Chatbots like ChatGPT may be fun and even already serve as helpful productivity tools, but researchers warn the tsunami of text they generate may jeopardise the originality and creativity of the content on which future AIs are trained.
A Penn State research team developed a pipeline for automated plagiarism detection and tested it against OpenAI's GPT-2, a language model with online pre-training data, as part of a new study that highlights the need for more research into text generators and the ethical and philosophical questions they pose.
“People pursue large language models because the larger the model gets, generation abilities increase,” says lead author Jooyoung Lee, doctoral student in the College of Information Sciences and Technology at Penn State. “At the same time, they are jeopardising the originality and creativity of the content within the training corpus. This is an important finding.”
The researchers focused on identifying three forms of plagiarism - verbatim, paraphrase, and idea - and used 210,000 generated texts to test for plagiarism in pre-trained and fine-tuned language models.
“Plagiarism comes in different flavours,” says Dongwon Lee, professor of information sciences and technology at Penn State University in Pennsylvania. “We wanted to see if language models not only copy and paste but resort to more sophisticated forms of plagiarism without realising it.”

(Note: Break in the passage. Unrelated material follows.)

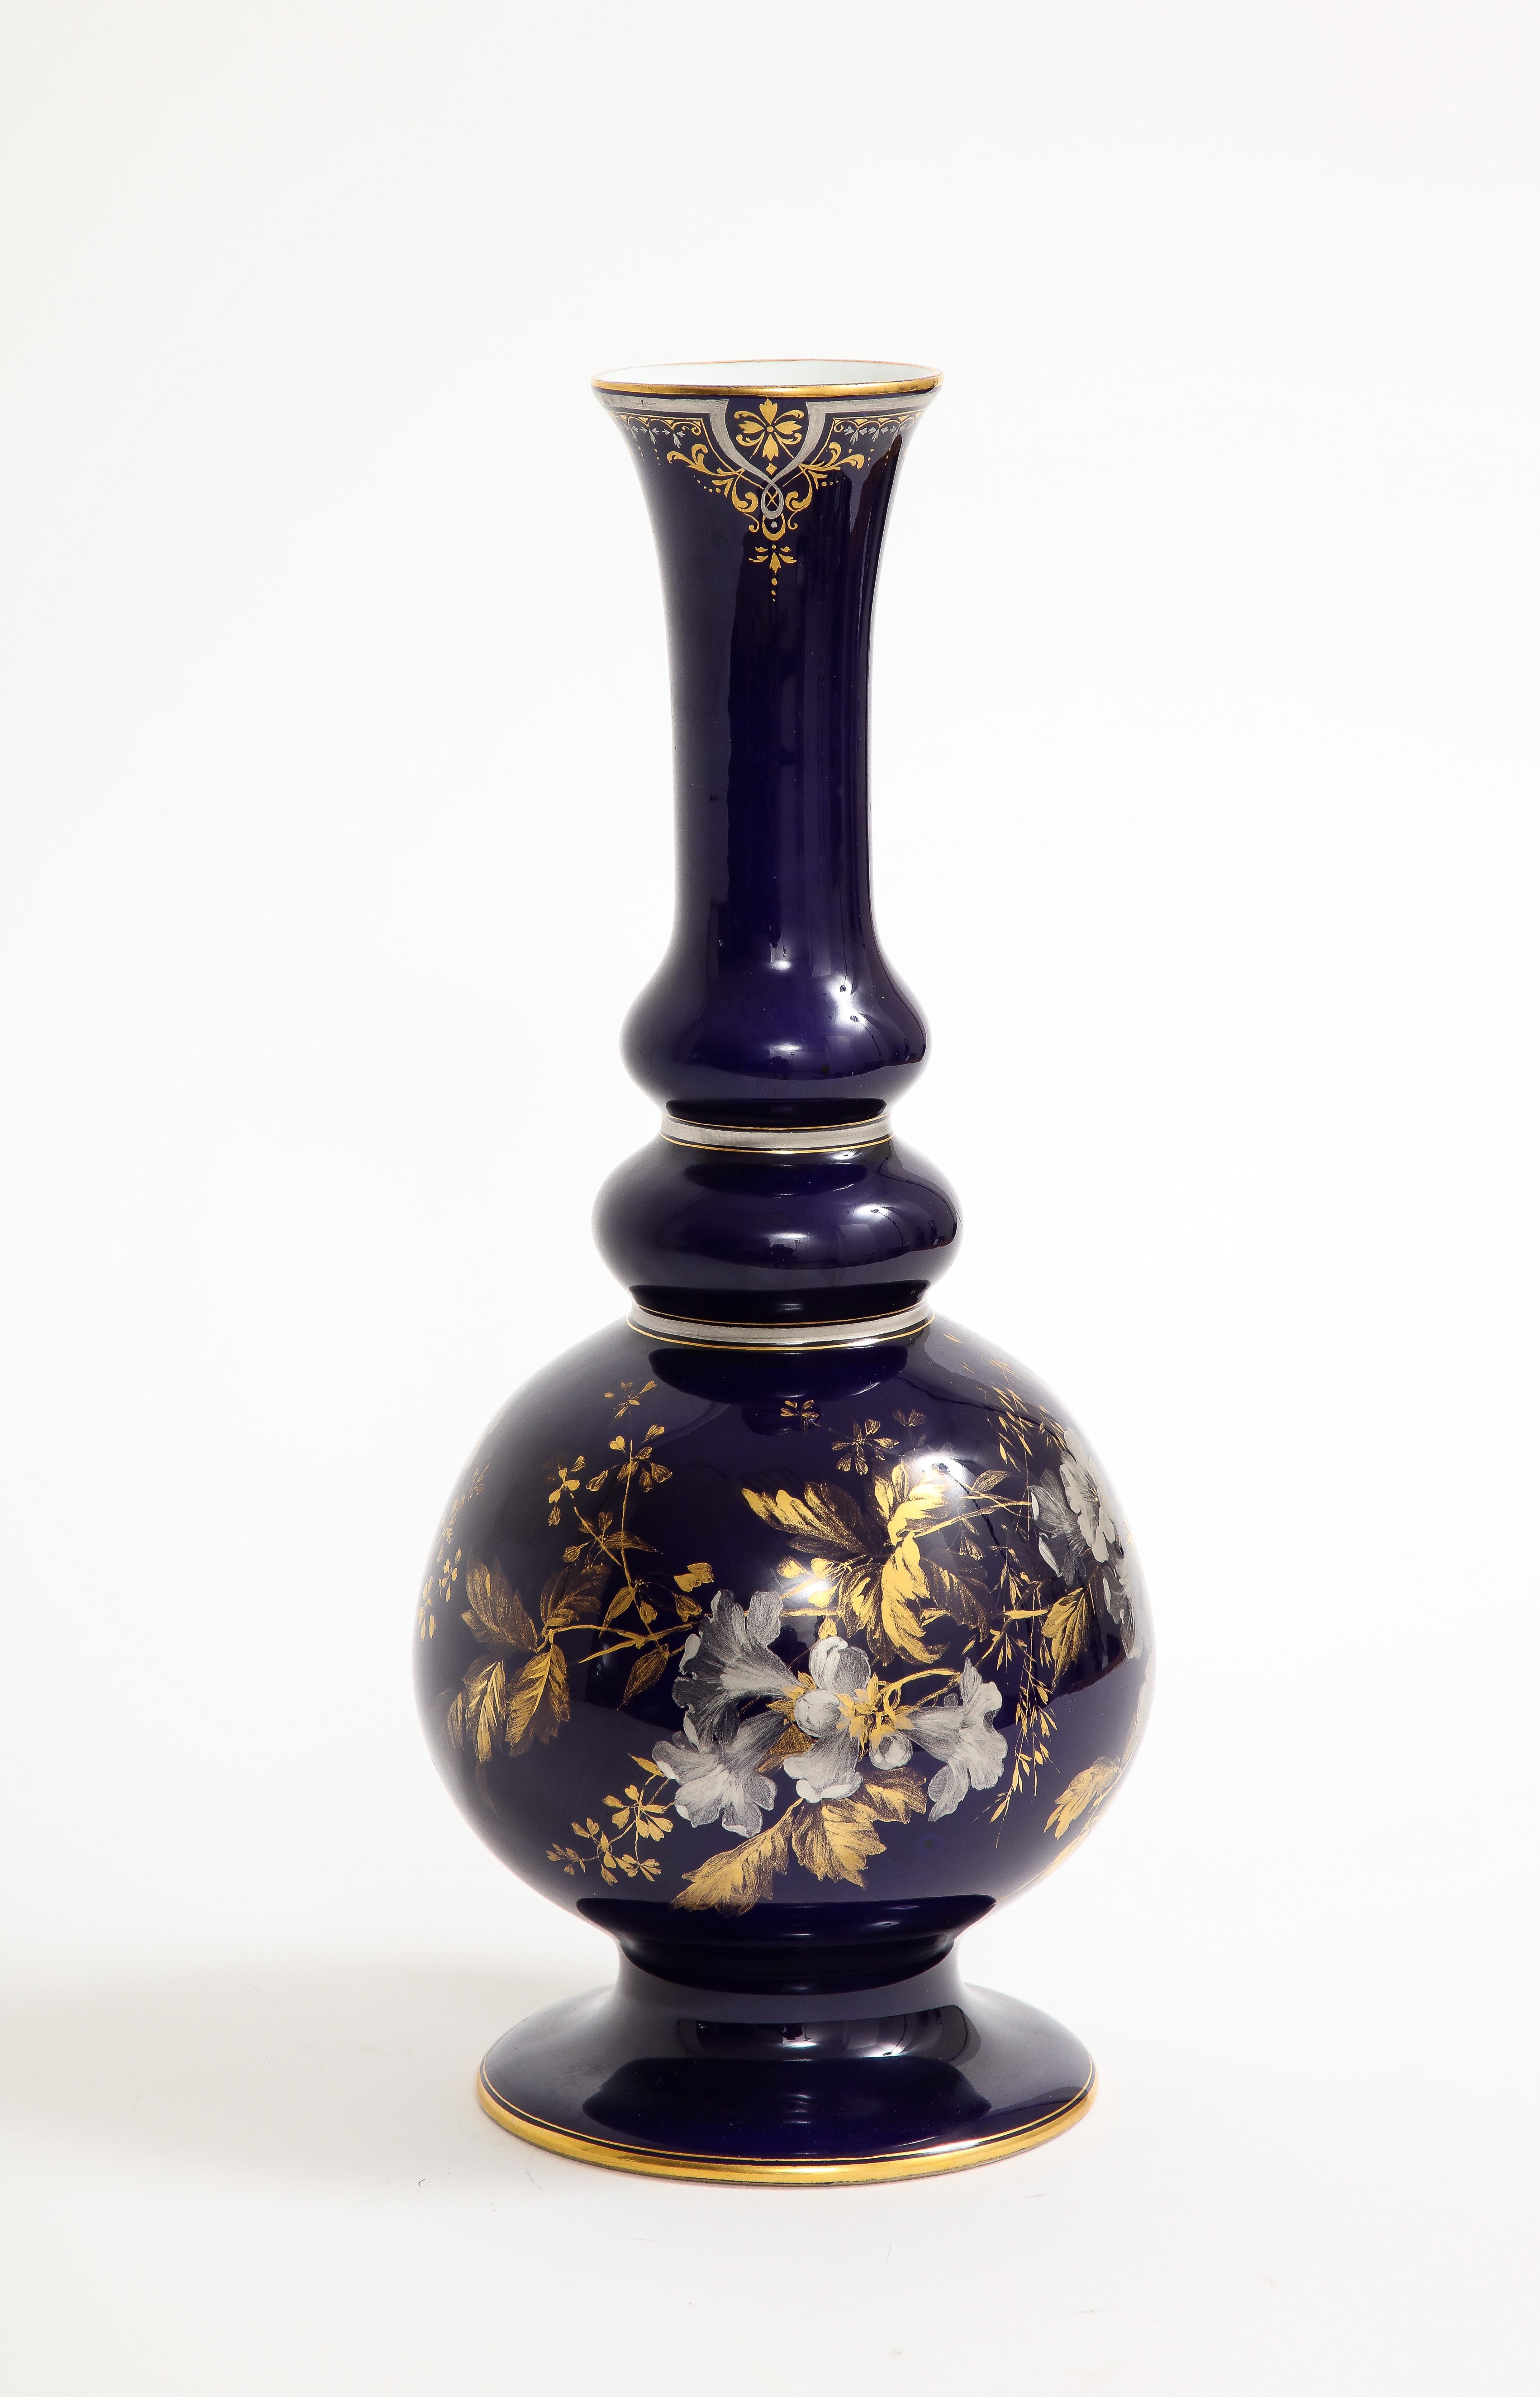 A Highly Important and Rare Meissen Porcelain Cobalt Blue Ground Vase with Platinum and Gold Hand-Painted Decoration.  An exquisite and fine Cobalt Ground 19th Century Meissen porcelain vase with delicate naturalistically depicted hand painted

The team looked at scientific documents, scholarly articles related to COVID-19, and patent claims, using an open-source search engine to retrieve the top 10 training documents most similar to each generated text and modified an existing text alignment algorithm to better detect instances of plagiarism.
Detection tools that can be used by educators, researchers, and publishers
Their findings have significant implications for academic research, as automated plagiarism detection can save time and resources while promoting academic integrity. The researchers say their work could contribute to the development of more effective plagiarism detection tools that can be used by educators, researchers, and publishers.
The team found that the language models committed all three types of plagiarism and that the larger the dataset and parameters used to train the model, the more often plagiarism occurred. They also noted that fine-tuned language models reduced verbatim plagiarism but increased instances of paraphrase and idea plagiarism. In addition, they identified cases of the language model exposing individuals’ private information through all three forms of plagiarism. The researchers will present their findings at the 2023 ACM Web Conference at the end of April in Austin, Texas.
Even though the output may be appealing, and language models may be fun to use and seem productive for certain tasks, it doesn’t mean they are practical, says Thai Le, assistant professor of computer and information science at the University of Mississippi who began working on the project as a doctoral candidate at Penn State. “In practice, we need to take care of the ethical and copyright issues that text generators pose.”
Though the study results only apply to GPT-2, the automatic plagiarism detection process that the researchers established can be applied to newer language models like ChatGPT to determine if and how often these models plagiarise training content. Testing for plagiarism, however, depends on the developers making the training data publicly accessible, the researchers say.
The current study can help AI researchers build more robust, reliable and responsible language models in future, according to the scientists. For now, they urge individuals to exercise caution when using text generators.
“AI researchers and scientists are studying how to make language models better and more robust; meanwhile, many individuals are using language models in their daily lives for various productivity tasks,” says Jinghui Chen, assistant professor of information sciences and technology at Penn State. “While leveraging language models as a search engine or a stack overflow to debug code is probably fine, for other purposes, since the language model may produce plagiarised content, it may result in negative consequences for the user.”
The plagiarism outcome is not something unexpected, says Lee. “As a stochastic parrot, we taught language models to mimic human writings without teaching them how not to plagiarise properly. Now, it’s time to teach them to write more properly, and we have a long way to go.”